• [EXERCISE OBJECTIVE]
Output must consist only of the lines of the material below from the one with "Tymbark multifruit carrot juice 1liter" through the one with "Platinum Blonde Clip", each reproduced exactly; no pictures belong in it.

• [RECORDS FOR THIS EXERCISE]
((

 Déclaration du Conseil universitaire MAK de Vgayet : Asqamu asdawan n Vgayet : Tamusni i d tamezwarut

))
((

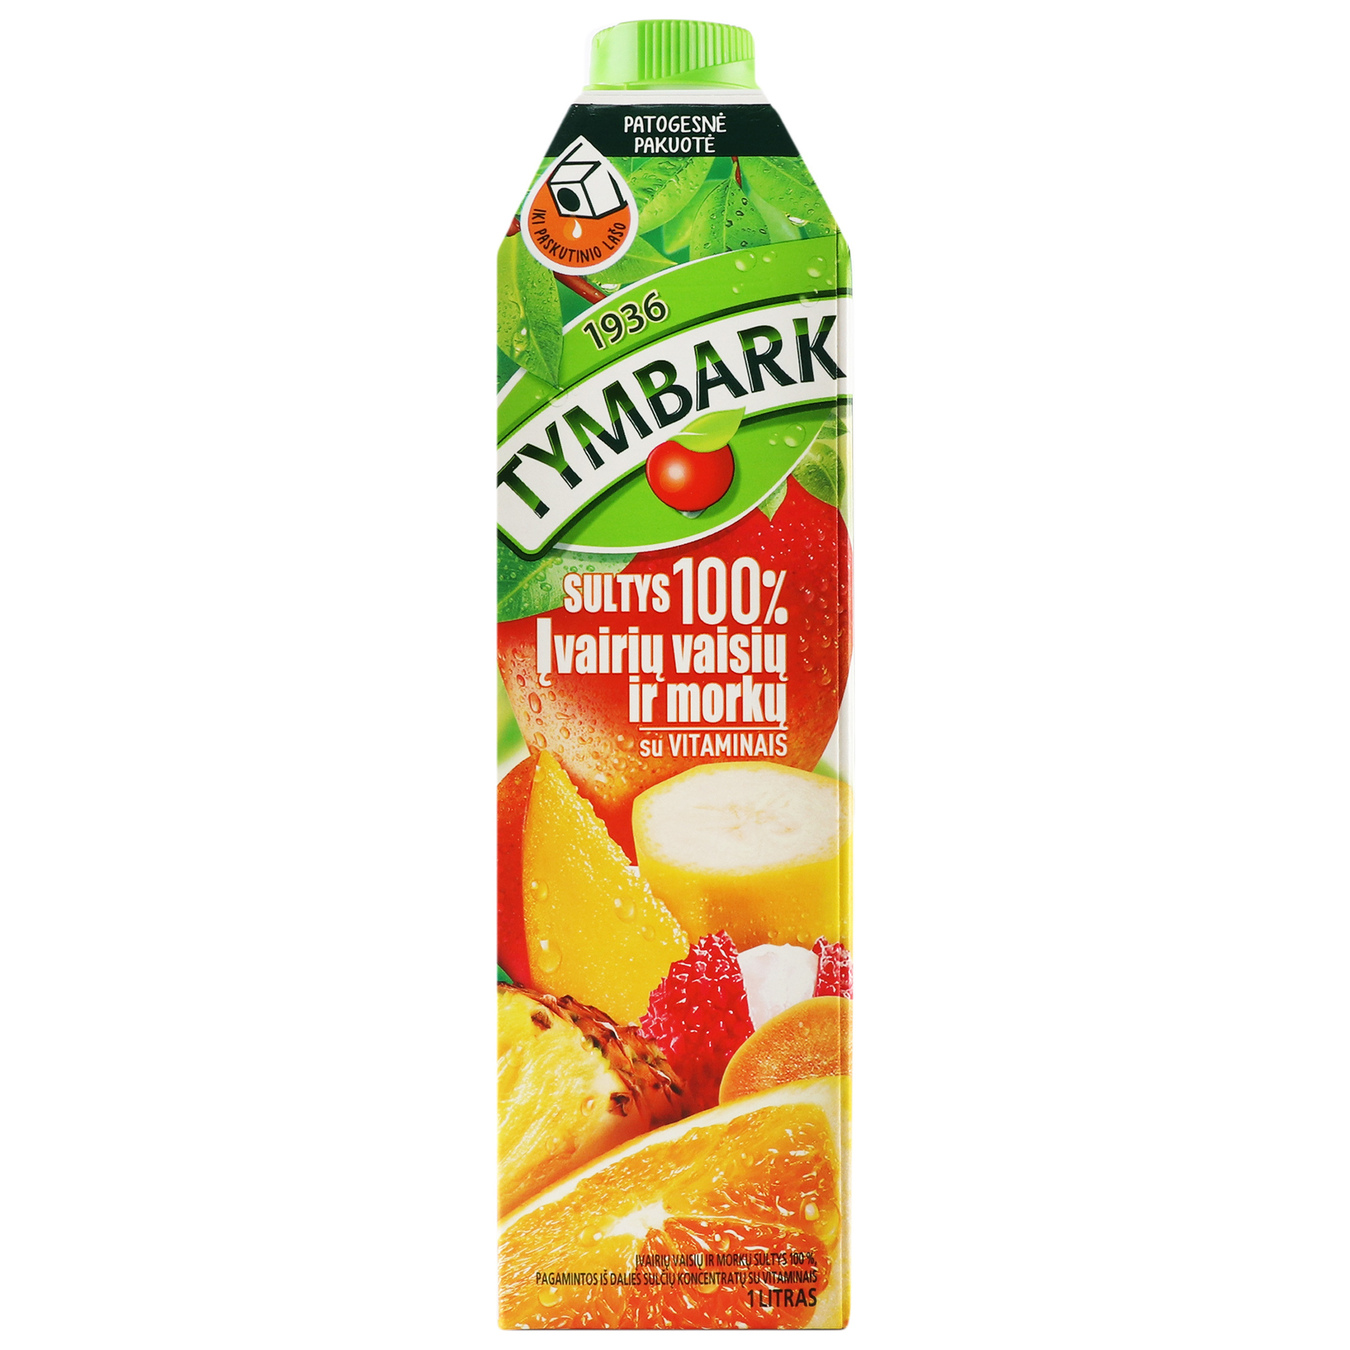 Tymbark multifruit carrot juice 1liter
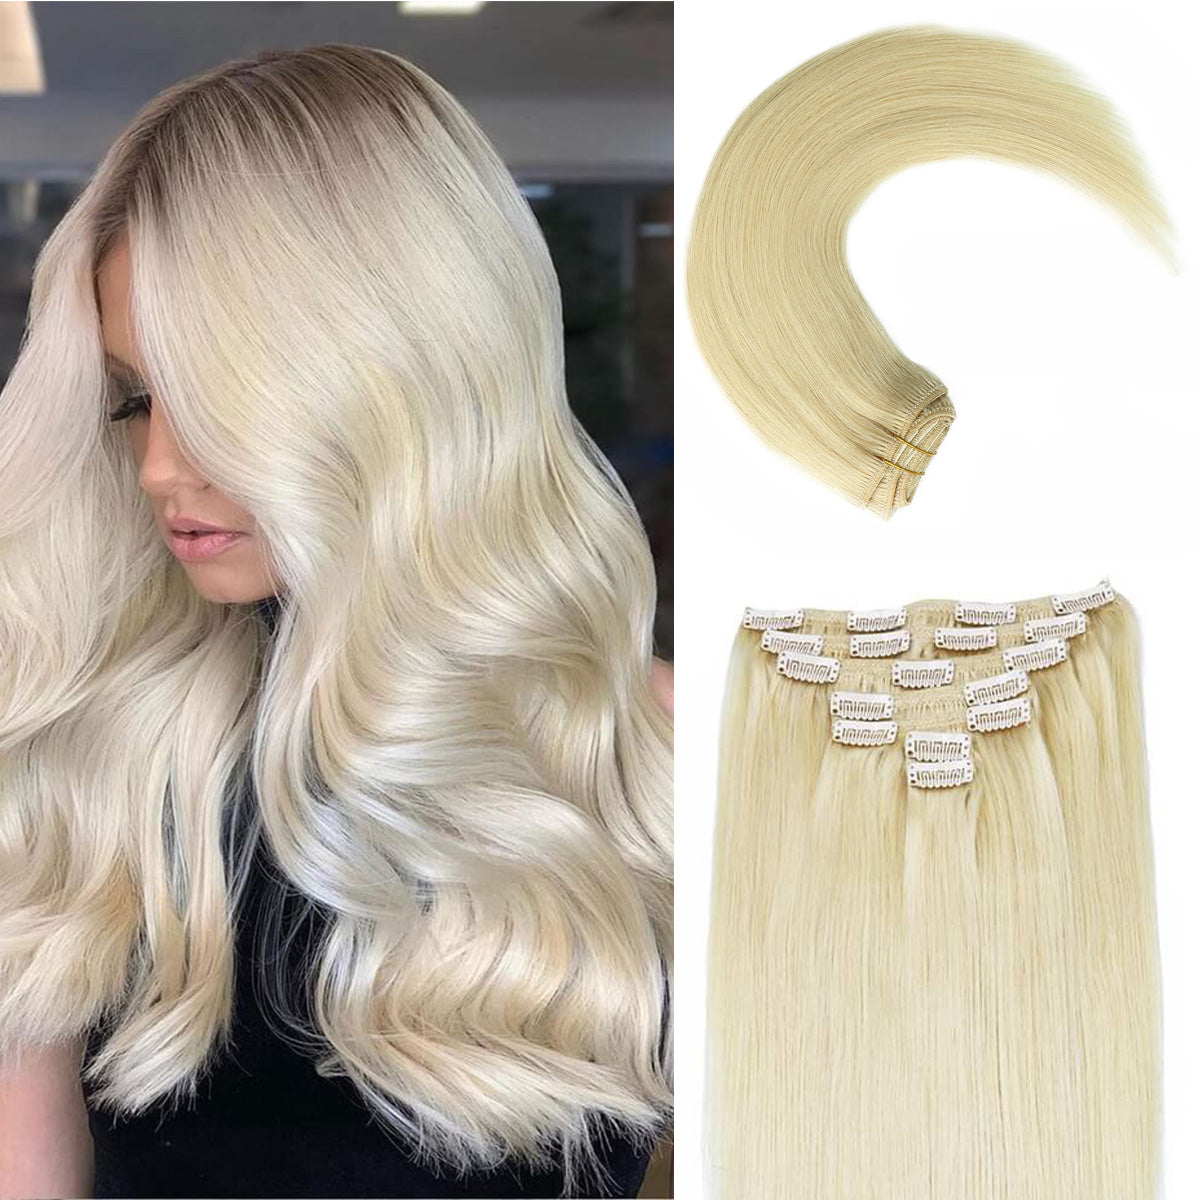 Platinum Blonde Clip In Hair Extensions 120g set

))

• [OUTPUT]
 Tymbark multifruit carrot juice 1liter
 Platinum Blonde Clip In Hair Extensions 120g set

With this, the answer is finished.